## [Data shown]
· · ·

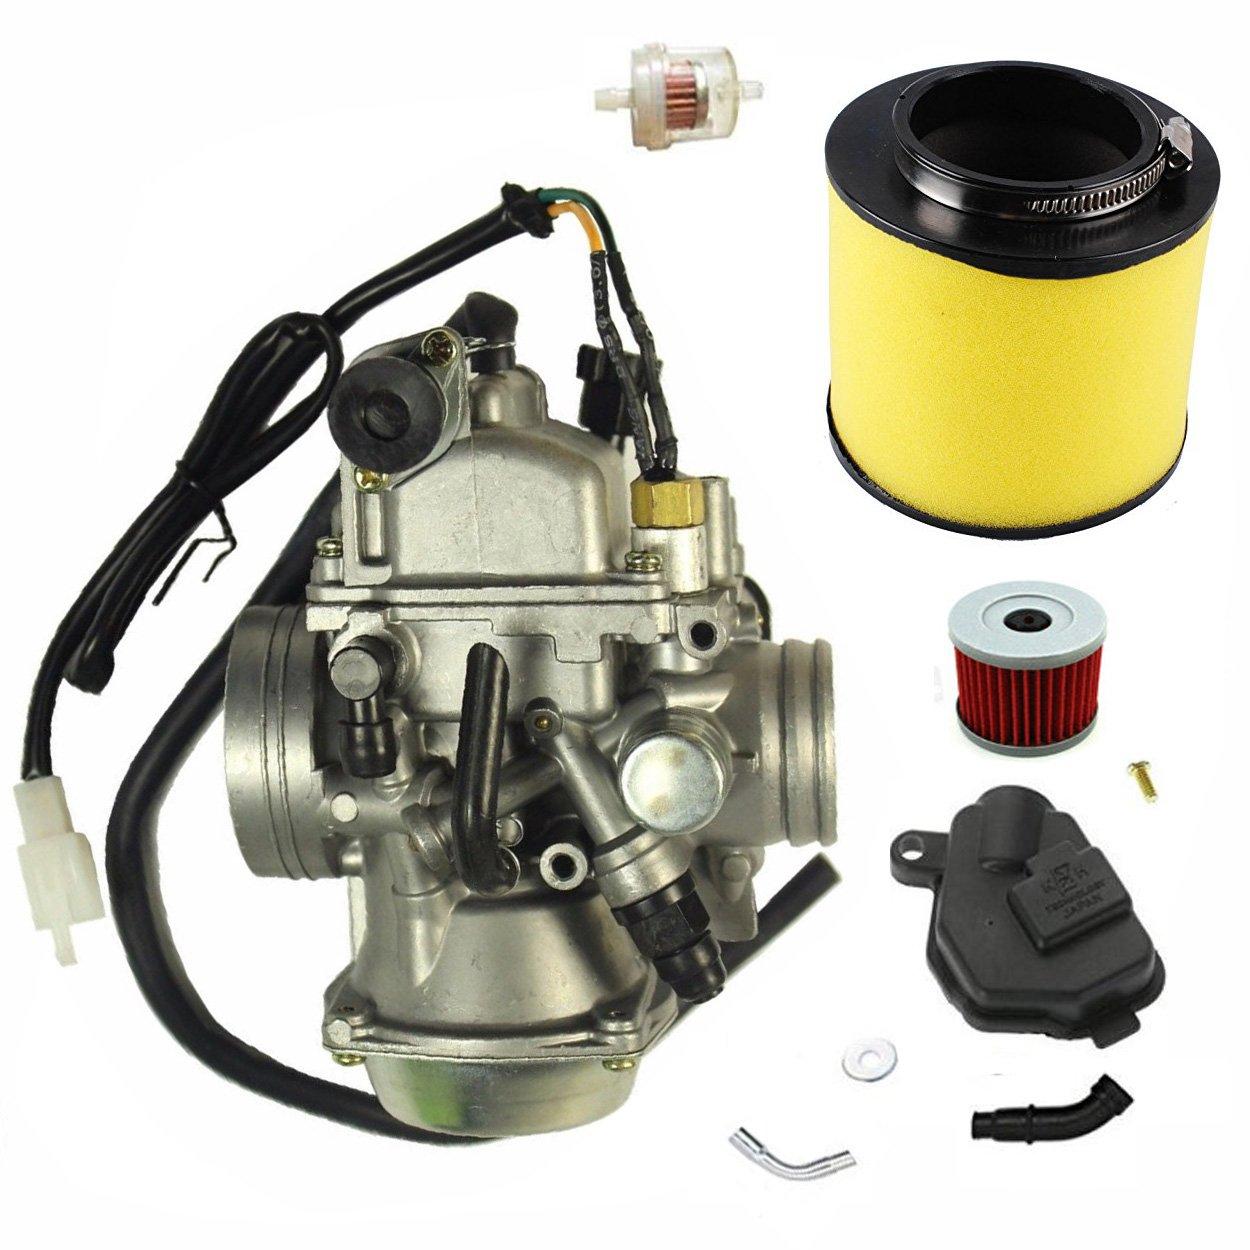 Carburetor w/Air Filter Oil Filter Fits Honda 350 Rancher TRX350TM/TE 2000-2003 New Carb
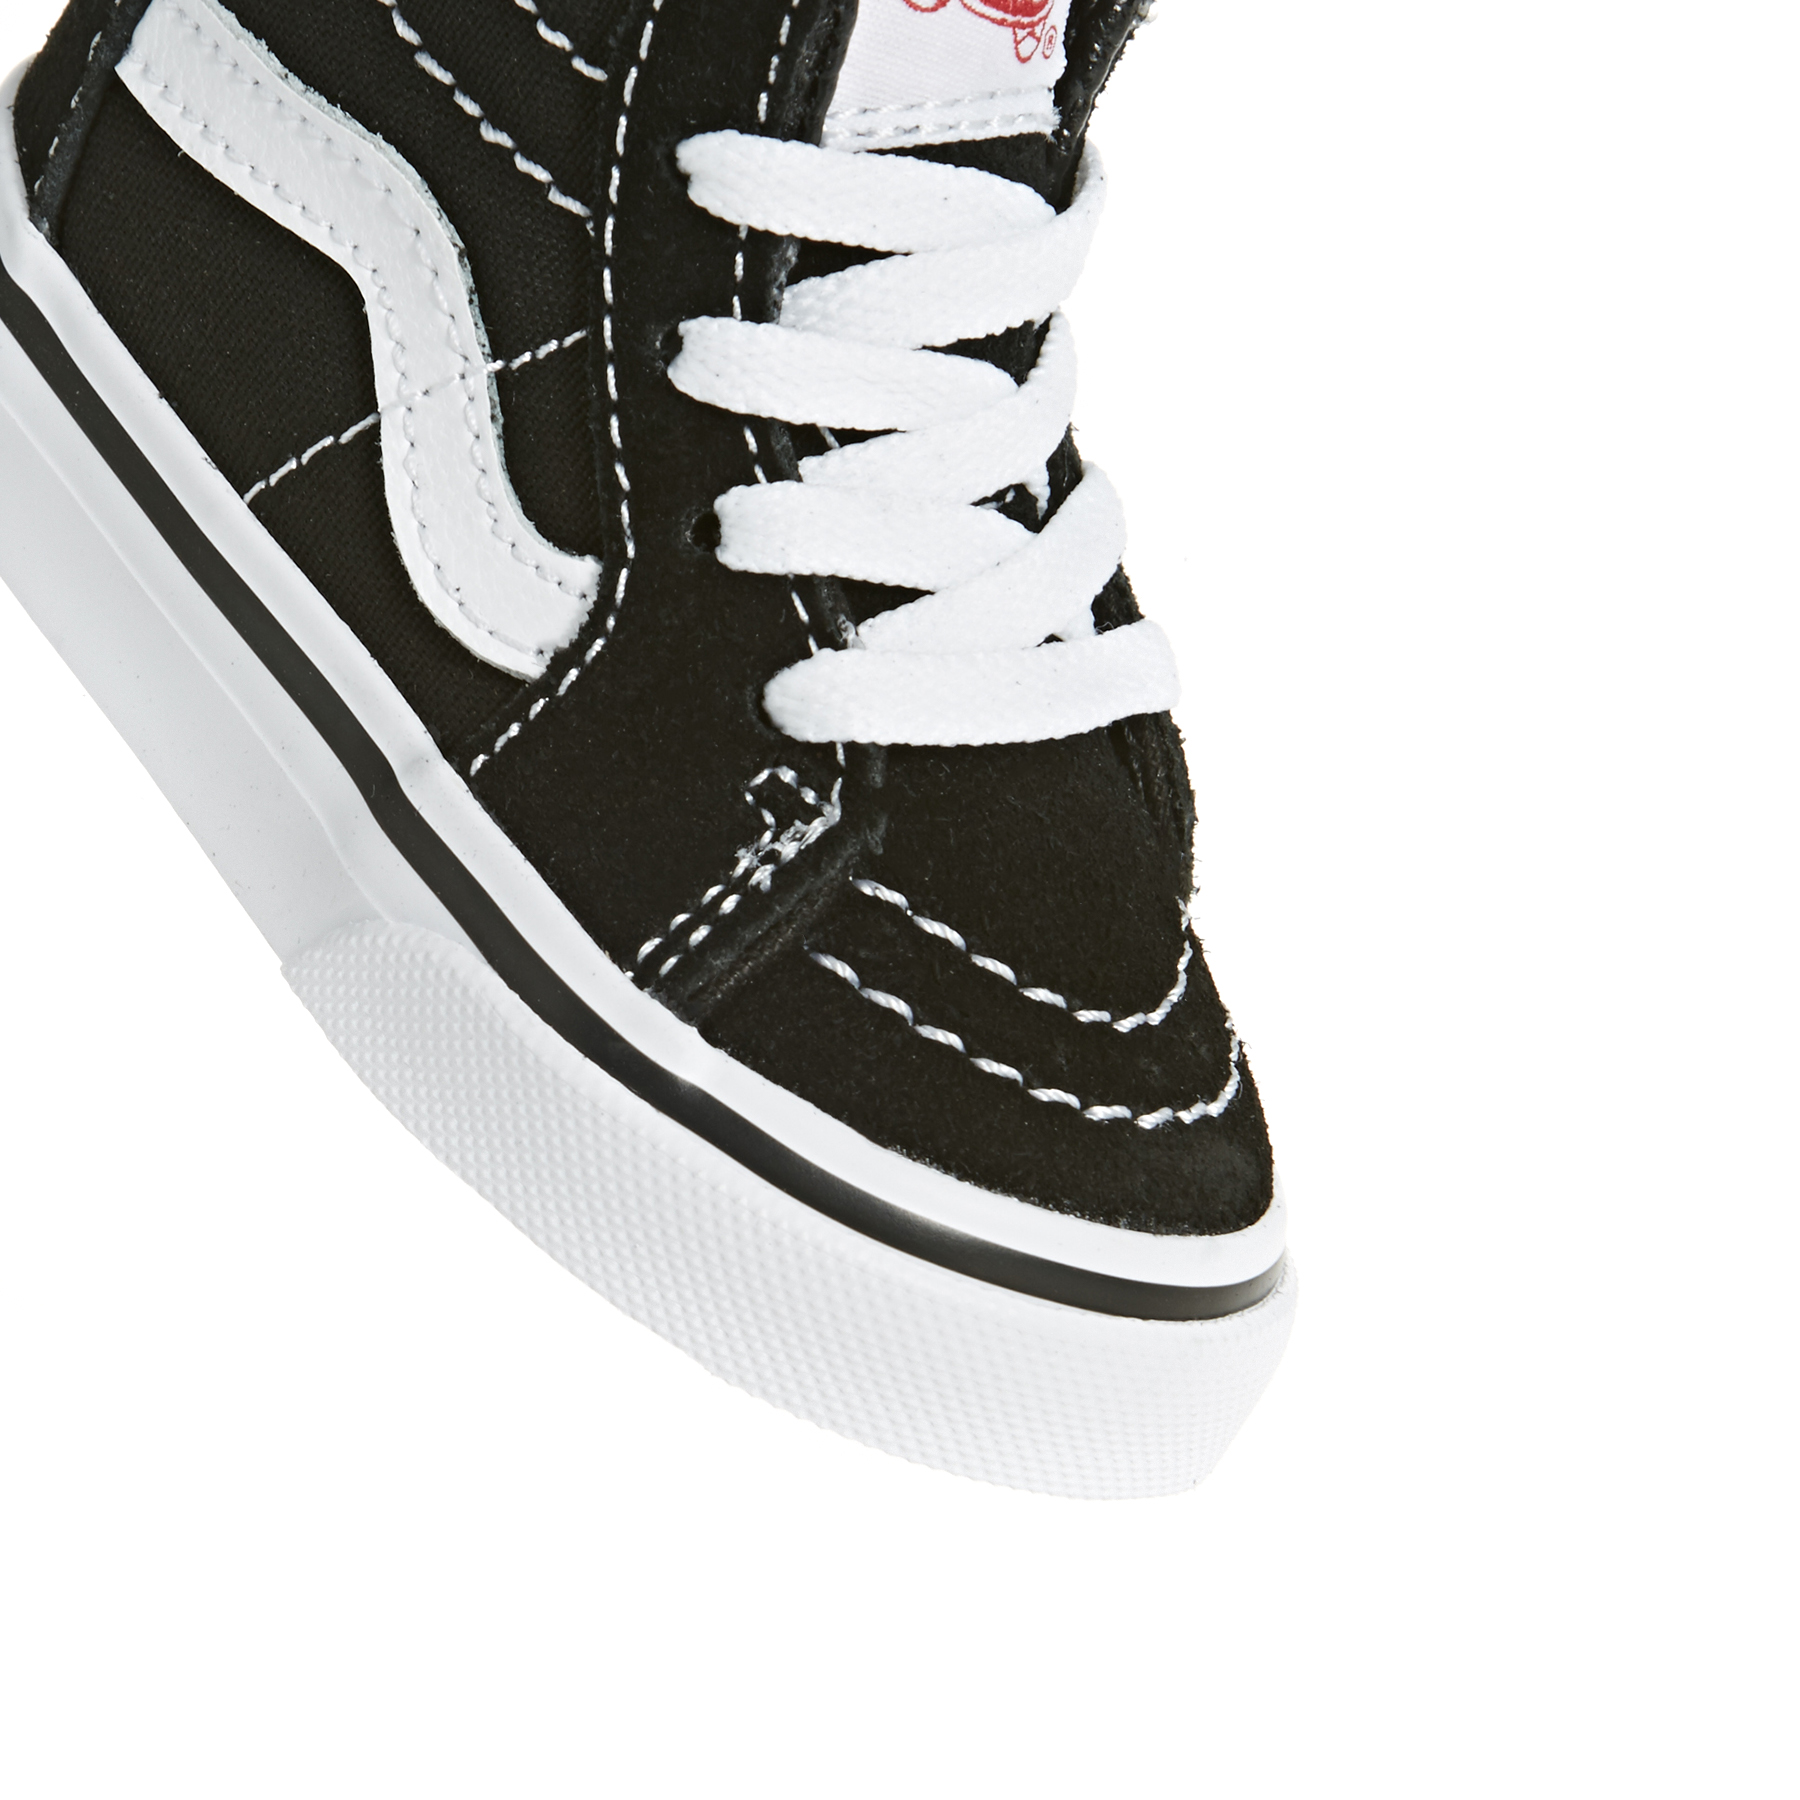 Vans SK8 Hi Kinder Kleinkind Schuhe | Kostenlose Lieferung
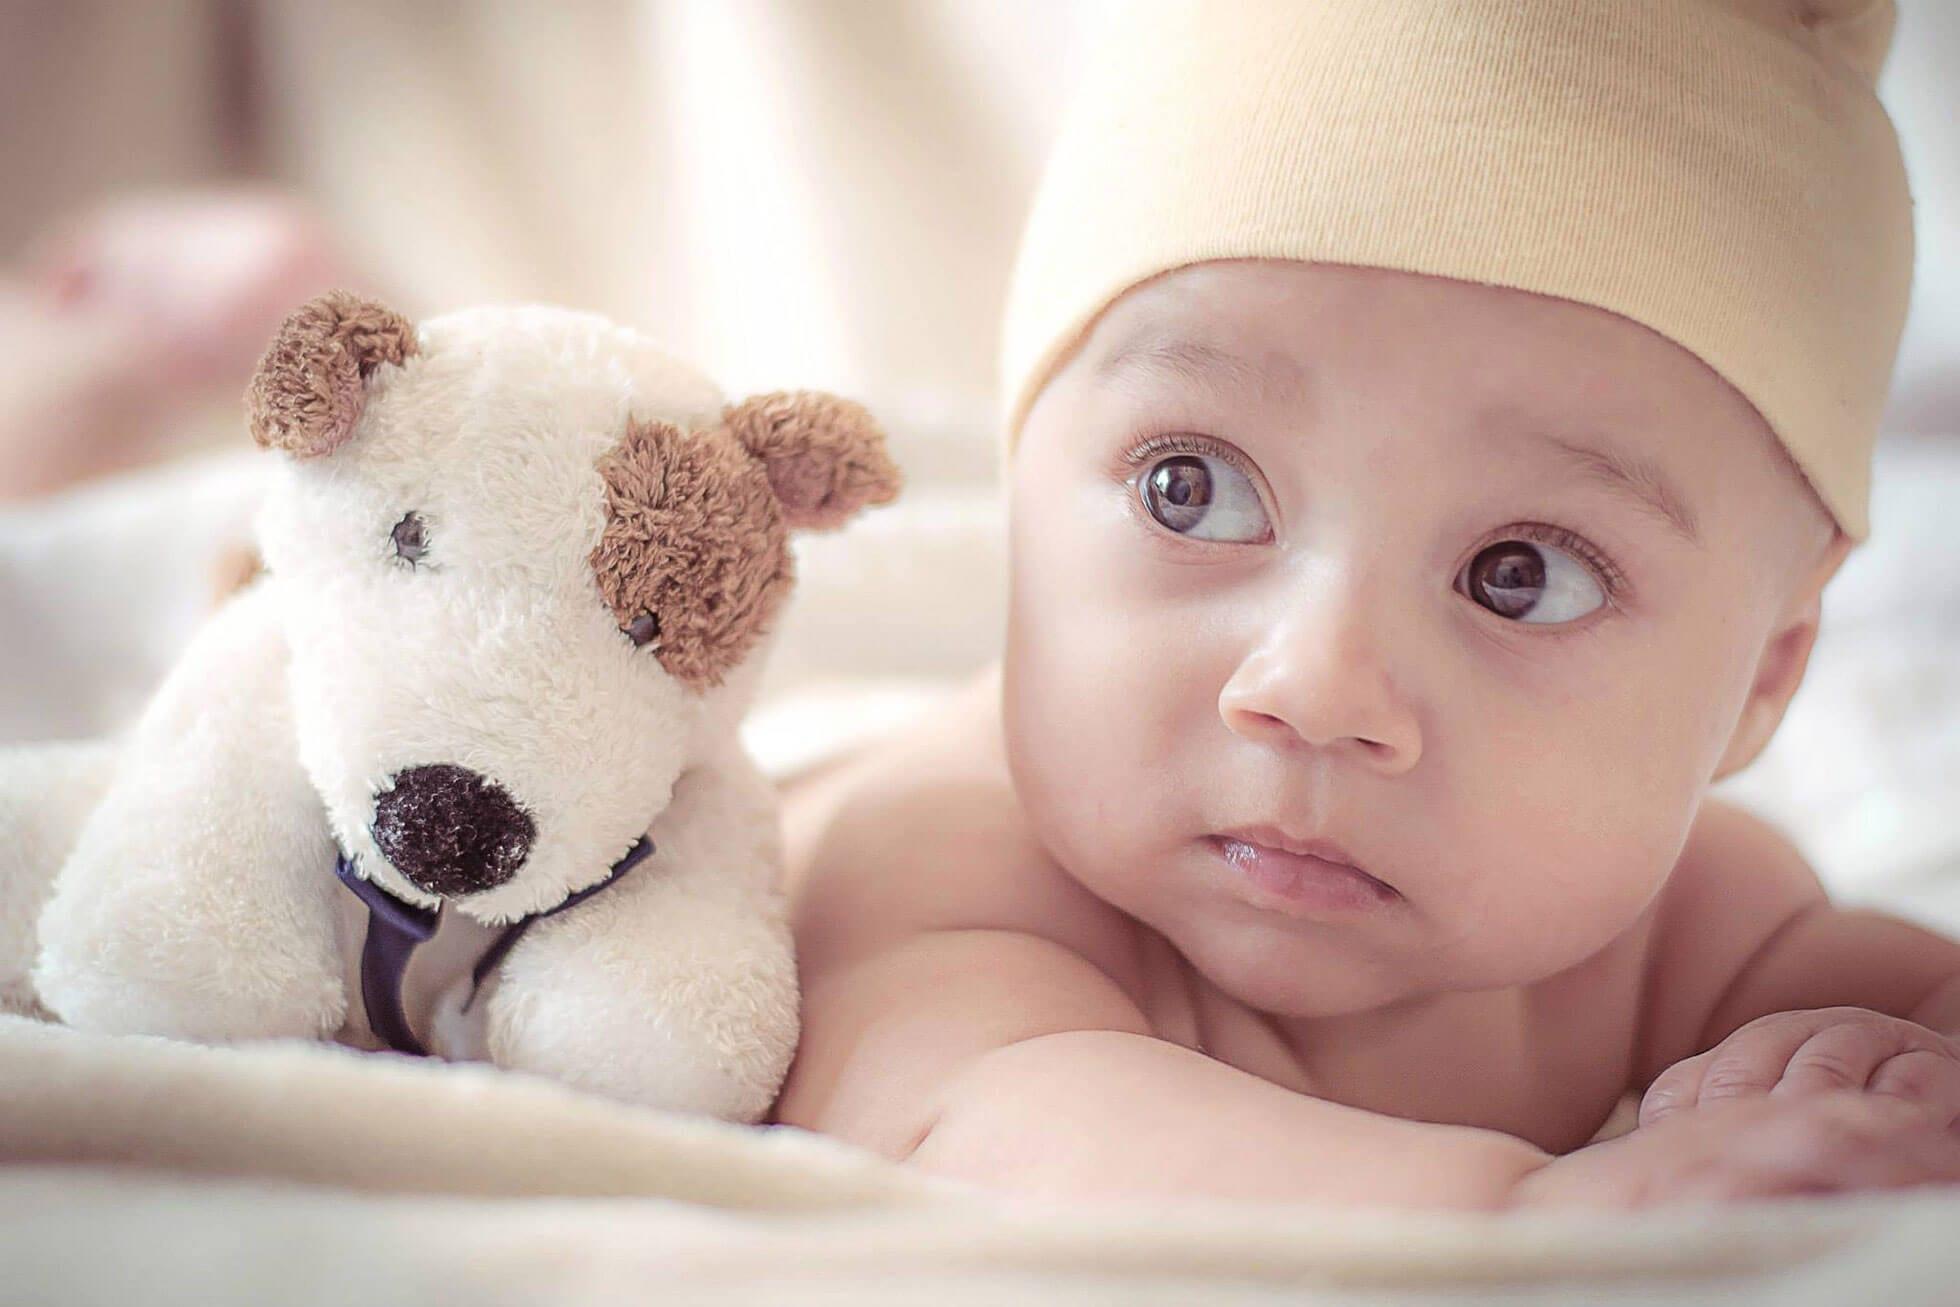 Kleine baby met knuffel | Wanneer geboortekaartjes versturen? Etiquette vraag.

· · ·

## [Work instructions]
Every line above should be printed again word for word, without its pictures.

## [Expected answer]
 Carburetor w/Air Filter Oil Filter Fits Honda 350 Rancher TRX350TM/TE 2000-2003 New Carb
 Vans SK8 Hi Kinder Kleinkind Schuhe | Kostenlose Lieferung
 Kleine baby met knuffel | Wanneer geboortekaartjes versturen? Etiquette vraag.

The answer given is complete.